I have to follow-up, you mentioned creative ways to get oil to market. There’s always this trade-off between ultimate recovery factor and near-term deliverability, does that imply that the Venezuela or Iran have inhibited their long-term recovery factors?

All of these things can be turned around with investment, whether or not it’s economic is a different question. But I do think that that there are challenges to the medium and longer term production profiles in all three countries as a result of the constraints that have been imposed on them.

And while you were speaking earlier, you mentioned that you were – we might not have seen the highest prices yet. So the question I have in front of me, how confident are you about seeing higher prices and higher margins for this summer? And then we’re going to talk about refining for a while.

Well, I’m pretty confident. It’s hard to find anything that suggests prices or margins are headed lower over the next 90 days. If we want to talk about the summer season, it’s pretty easy to find a lot of factors that suggest an upward press on those, whether you’re talking on the demand side or on the supply side, and whether you’re talking about oil or you’re talking about refined products, all the factors are tending to push upward right now, the mitigating factors are going to be demand. It’s really the one thing that that could turn that is a reduction demand, but demand drivers right now tend to still be relatively strong.

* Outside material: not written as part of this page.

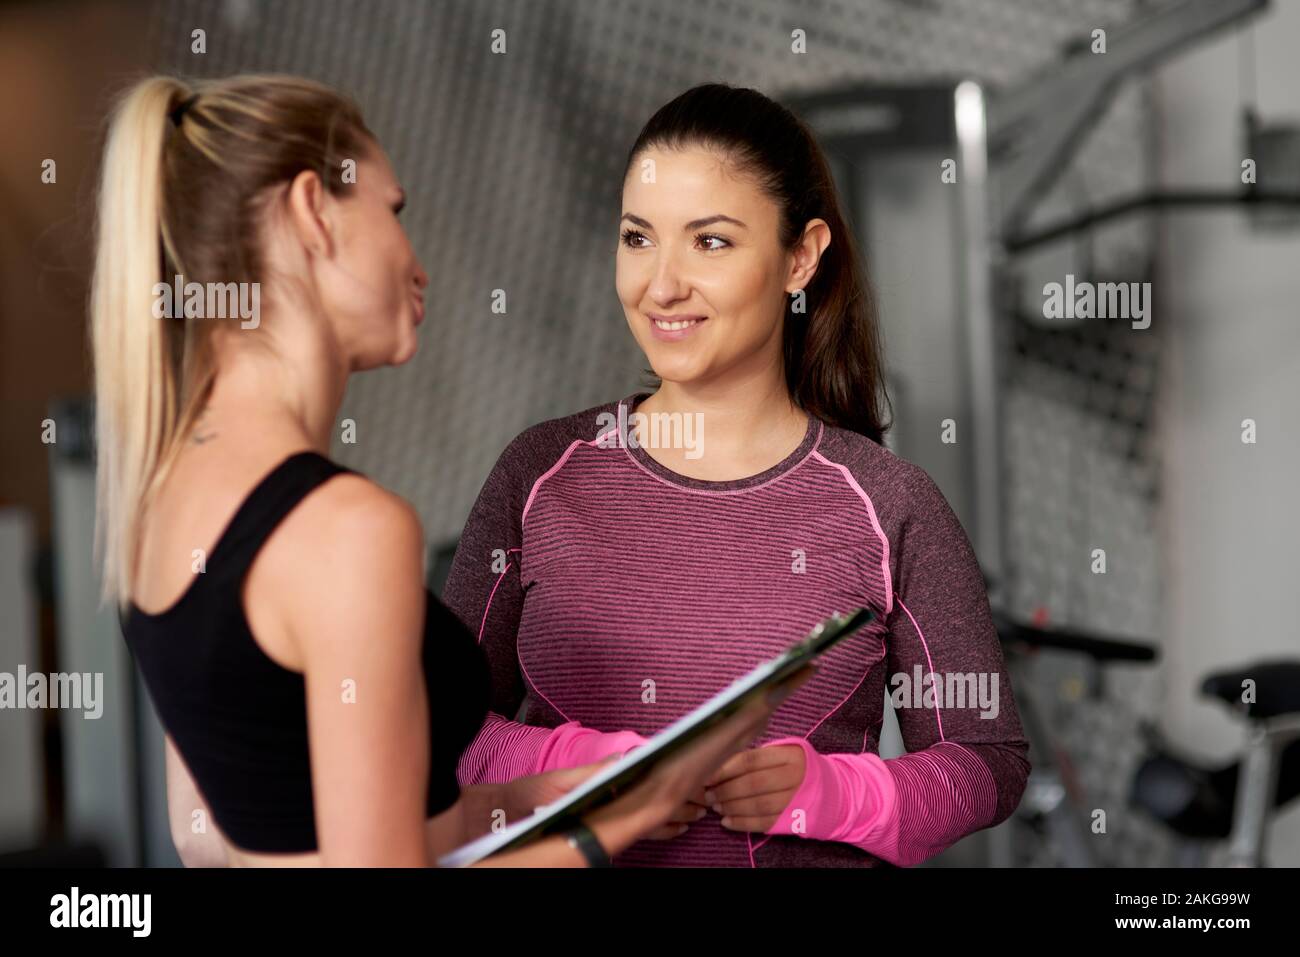 Personal trainer guding young woman at gym Stock Photo

So, you’ve mentioned 90 days, and then you’ve also just mentioned, Russia starts deciding to decline. We lose the benefit of the SPR in the fourth quarter, so that picture for the rest of the year, it could potentially be strong as well.

Yes, it’s a very different commodity market than we faced 12 months ago, let it around 24 months ago. And this is a longer cycle industry, the ability to mobilize the resources and respond to large changes in demand or large changes in supply. It’s an industry that 100 million barrels a day is a lot of production. It tends to move in very small increments in normal times, 1%, 1.5% growth. A recession may take 1% off of demand for a short period of time. And so to see a large chunk of production come off, or the strong surge in demand that we’re seeing right now, system’s not set up for that. And it doesn’t respond to that quickly. The – you tend to have a longer response time.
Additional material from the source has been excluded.